L'interleukine 2 (IL2), découverte il y a 30 ans, est un facteur de croissance capable de stimuler d'autres types de lymphocytes T (dits tueurs), utilisée aujourd'hui contre le cancer du rein et le mélanome malin à fortes doses. Il y a quelques années, des scientifiques s'aperçoivent que des souris dénuées du gène de l'interleukine 2 souffrent de maladies auto-immunes. Et n'ont pas de T régulateurs.
Résultats époustouflants
«Nous avons compris à ce moment-là que l'interleukine 2 était un facteur de survie des lymphocytes T régulateurs, eux-mêmes impliqués dans les maladies auto-immunes, racontent les professeurs Klatzmann et Cacoub. D'où notre idée, en 2007, de tester l'IL2 à faible dose dans la vascularite auto-immune liée à l'hépatite C sur 10 malades avec 4 cures à trois semaines d'intervalles, avec deux doses différentes pour établir la meilleure posologie.»
Les résultats publiés jeudi dans le NEJM sont époustouflants sur le plan biologique avec, pour tous les malades, une remontée spectaculaire des T régulateurs, mais surtout une disparition du purpura et des ulcérations cutanées, de l'atteinte rénale.
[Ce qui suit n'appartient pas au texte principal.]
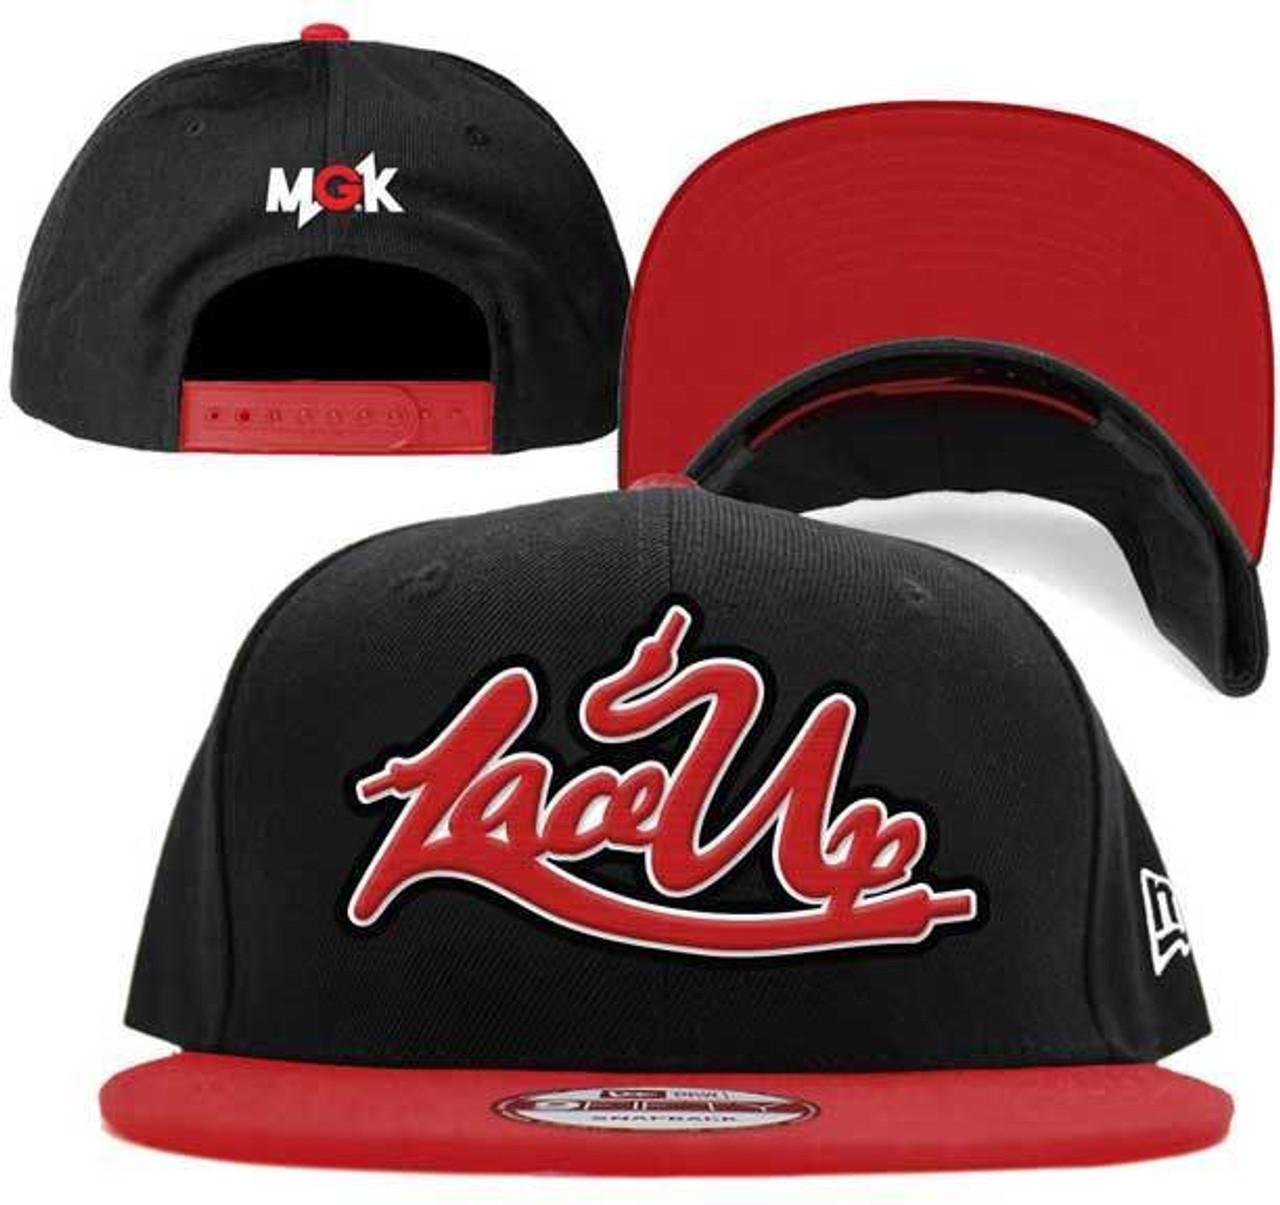 664ce860bff63 MGK Machine Gun Kelly Lace Up Hip Hop Rap Snapback Baseball Cap Hat  3398101H00 - Fearless Apparel

Tous les malades sans exception ont répondu au traitement. Aucun effet secondaire notable n'a été observé. «Si nous sommes si enthousiastes, insistent les deux experts, ce n'est pas seulement à cause du traitement efficace dans ce cadre restreint, mais c'est surtout parce que nos travaux ouvrent une voie thérapeutique prometteuse dans toutes les maladies auto-immunes.»
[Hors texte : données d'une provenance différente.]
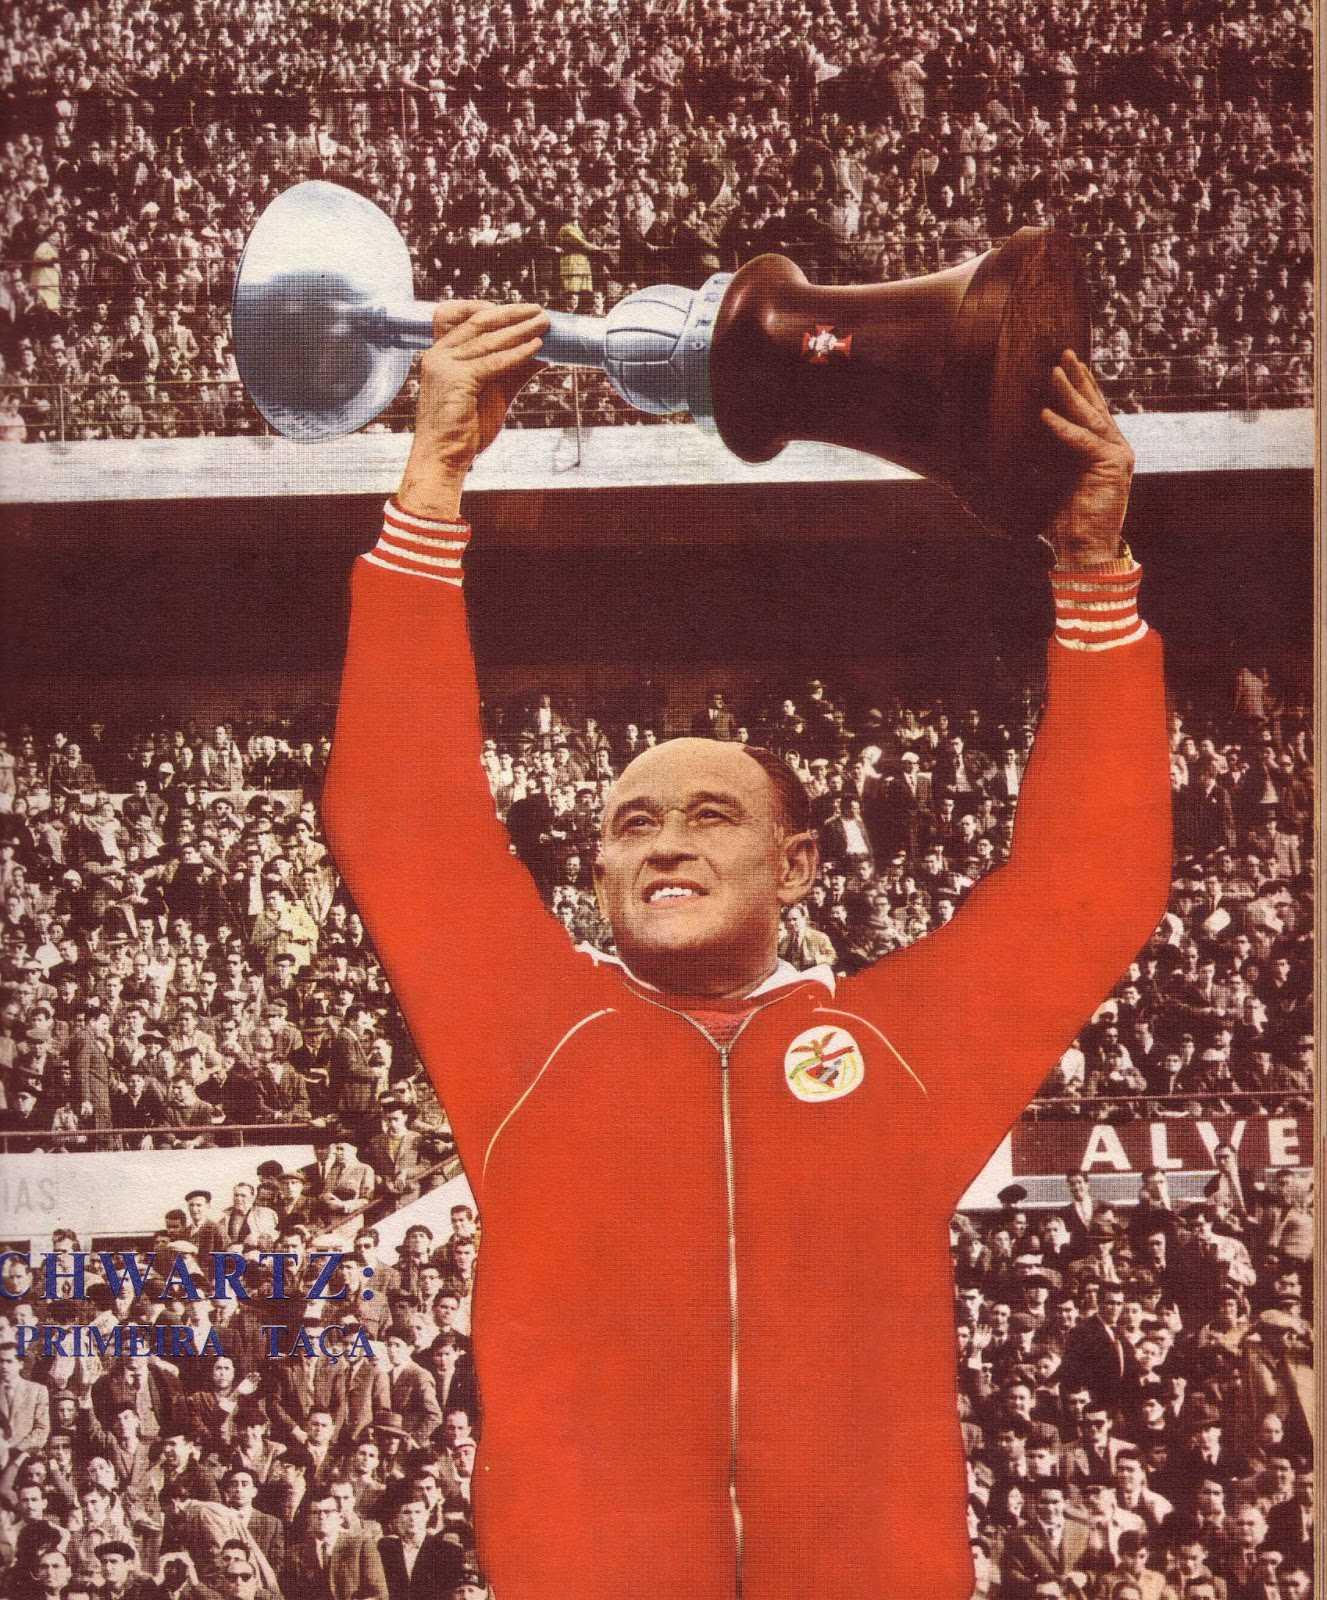 Elek Schwartz 1964 - 1965

Le concept reste à prouver dans le cadre large et éclaté des maladies auto-immunes qui concernent des centaines de milliers de personnes aussi bien en neurologie (sclérose en plaques) qu'en rhumatologie (polyarthrite), endocrinologie (diabète) ou en néphrologie… Le laboratoire de Klatzmann a déjà montré que l'interleukine 2 pouvait guérir des souris atteintes de diabète type 1. Un essai est en cours dans le diabète insulinodépendant, d'autres sont envisagés dans plusieurs autres affections. L'Assistance publique des Hôpitaux de Paris, très enthousiaste, a d'ores et déjà accepté de participer au financement d'autres études.